The title of the blog post got me pretty excited, but the proposal is fairly disappointing in terms of unlocking better performance for web apps. The use cases here are pretty limited to things like CPU-bound number crunching, and I doubt too many people are running machine learning algorithms in a browser as compared to the number people who're using browsers to, y'know, render UIs. By all means scope the problem down to sharing primitive data in ArrayBuffers — we can build abstractions on top of that! — but limiting it to Worker threads makes it near-useless for most web applications. Workers already solve the use cases for UIs that can tolerate copies between the UI thread and the Worker threads, and this proposal doesn't allow us to solve needs for UIs that can't.

The blog post does mention the main thread, as something that is more complex and in need of further investigation.

Still, even without shared memory being accessible to the main thread, I think sharing between workers can be extremely useful.
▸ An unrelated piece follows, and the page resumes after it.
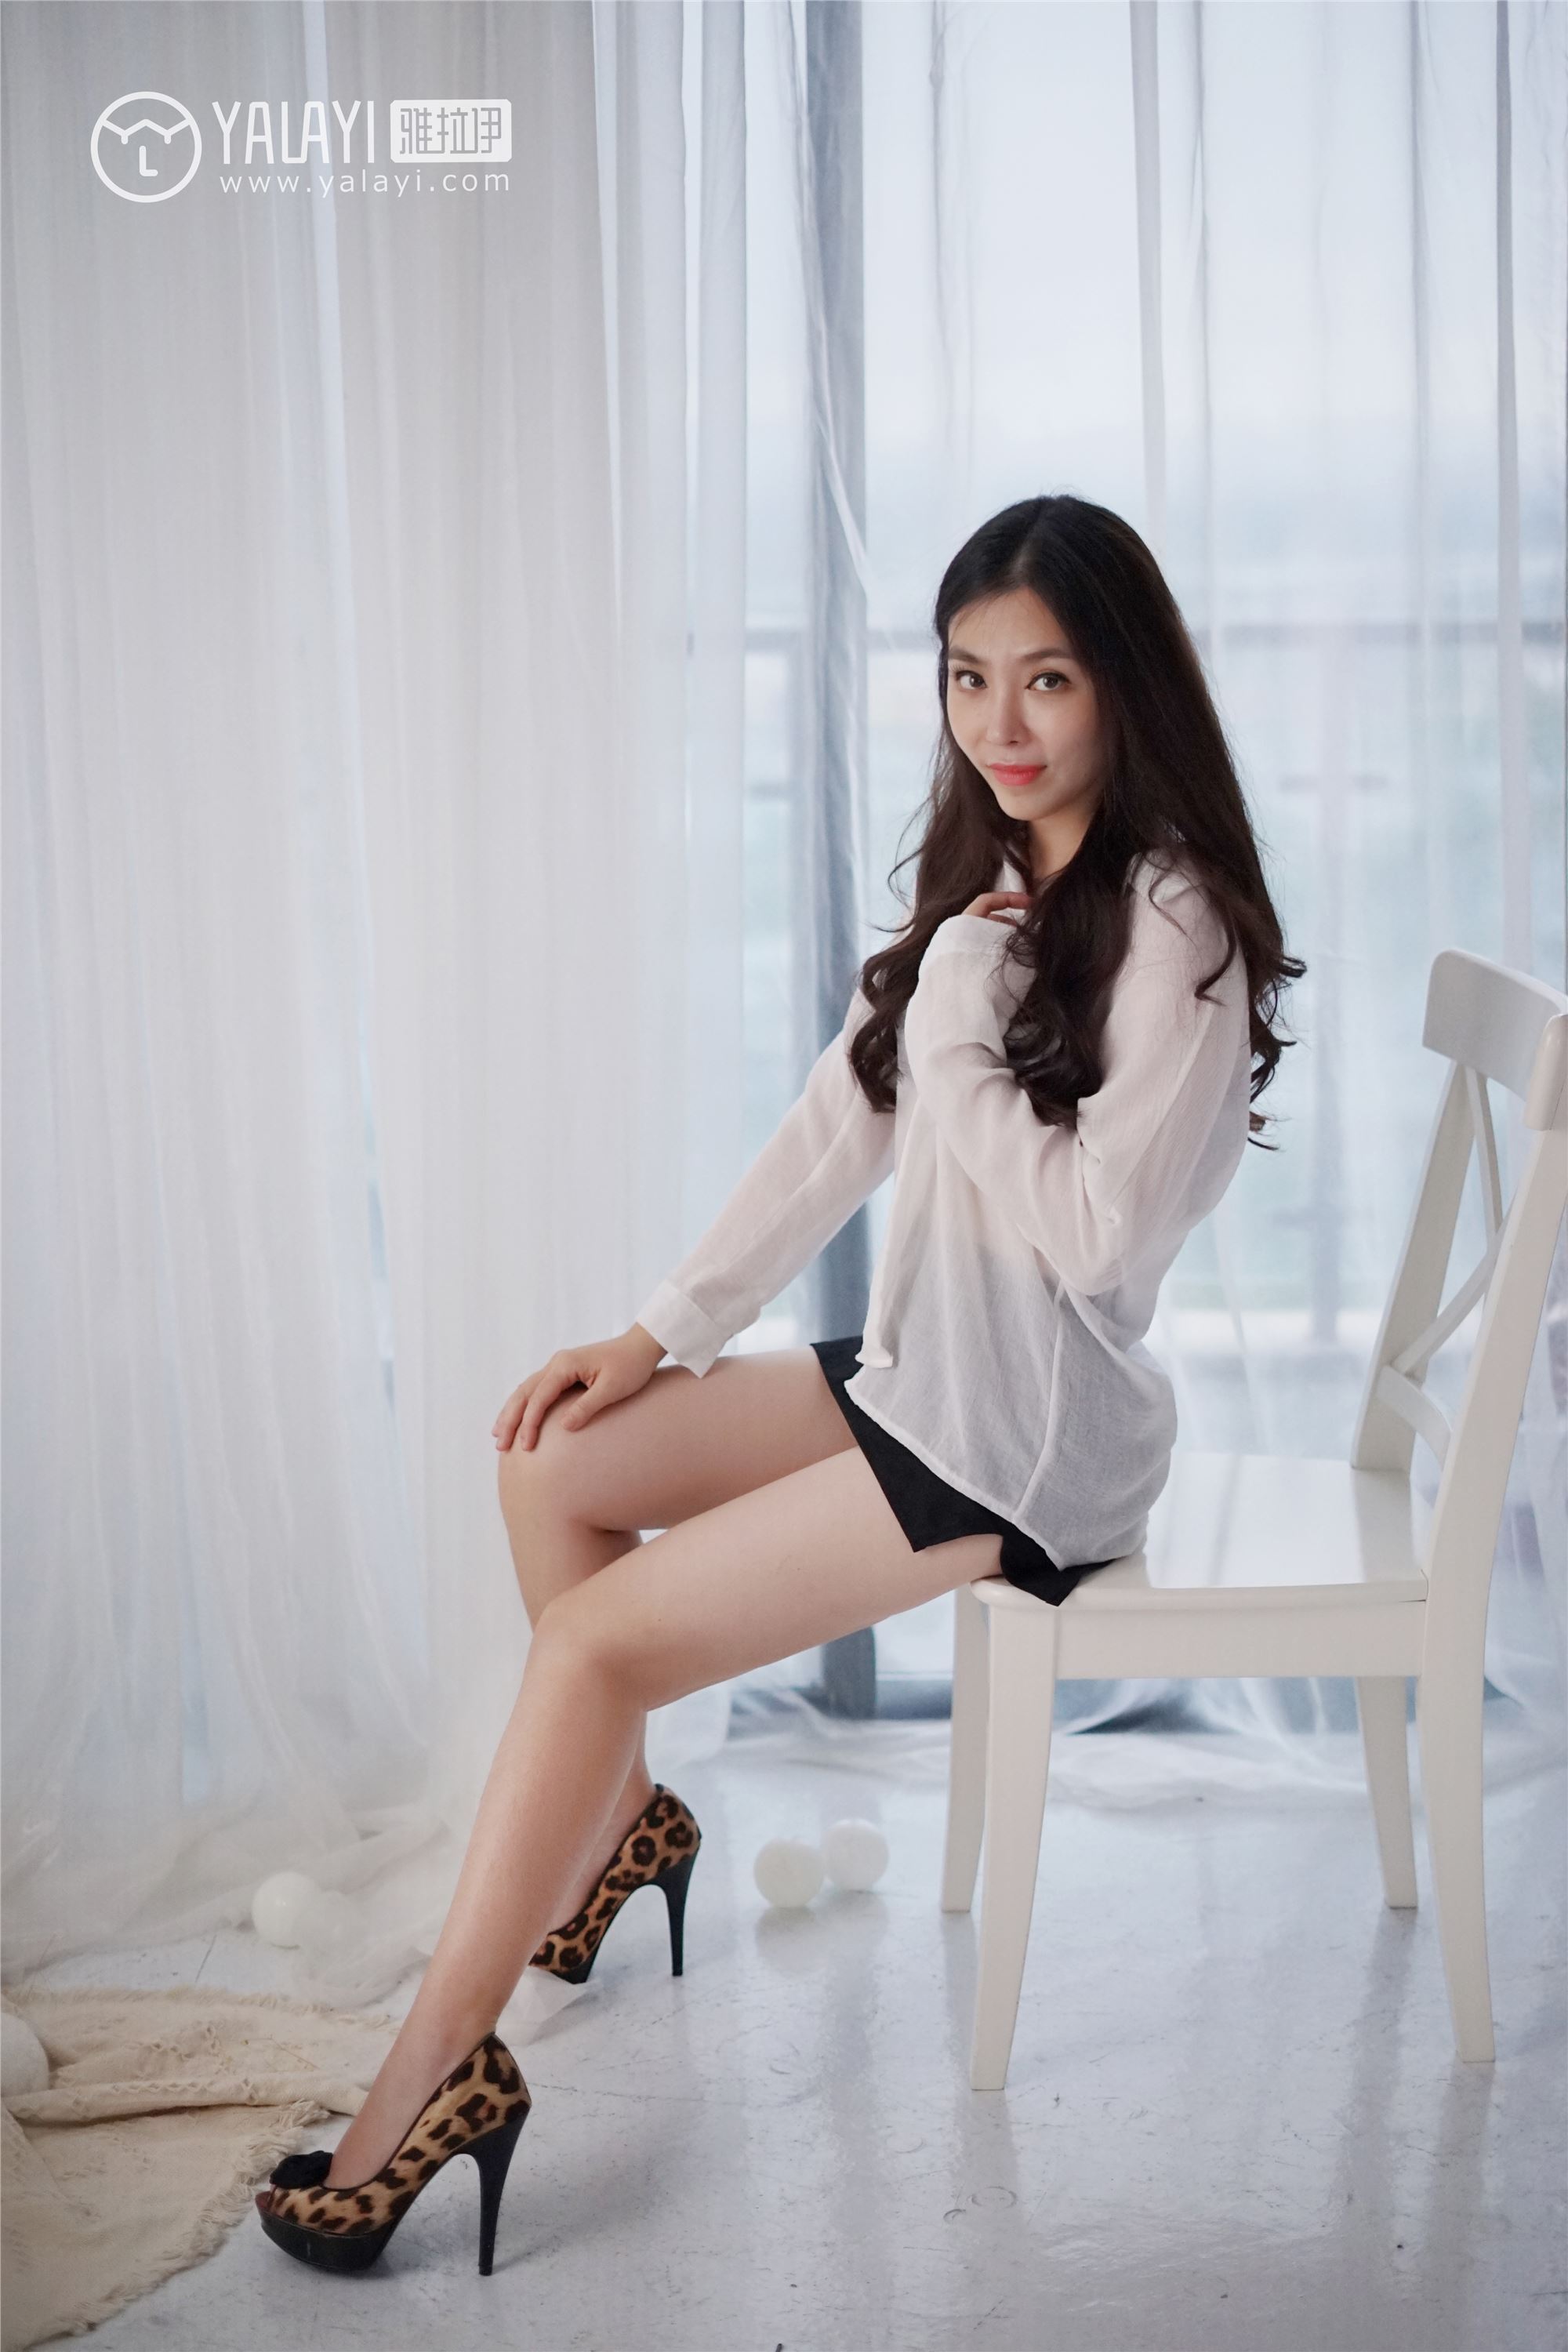 [yalayi yalayi] 2018.10.20 no.012 leg beauty Shen Ziyun

Yes, you need to proxy information to the main thread in order to render, but that doesn't need to be a big problem. See for example the test here, where a 3D game's rendering was proxied to the main thread, with little loss of performance,


That very small overhead could be worth letting the game run in multiple workers while using shared memory.

Also, things like Canvas 2D and WebGL are APIs that might exist in workers, there are efforts towards that happening right now. That would eliminate the need to copy anything to the main thread, and avoid a lot of latency.

I can't speak to the BananaBread codebase, since I haven't read it — although BananaBread performs poorly as compared to commercial engines, regardless — but if you look at even the published benchmarks in that blog post, the Worker-based implementation is slower in all cases except for Firefox with two bots. Chrome is always slower when using Workers, sometimes massively so, and Firefox with ten bots is slower multithreaded than single-threaded.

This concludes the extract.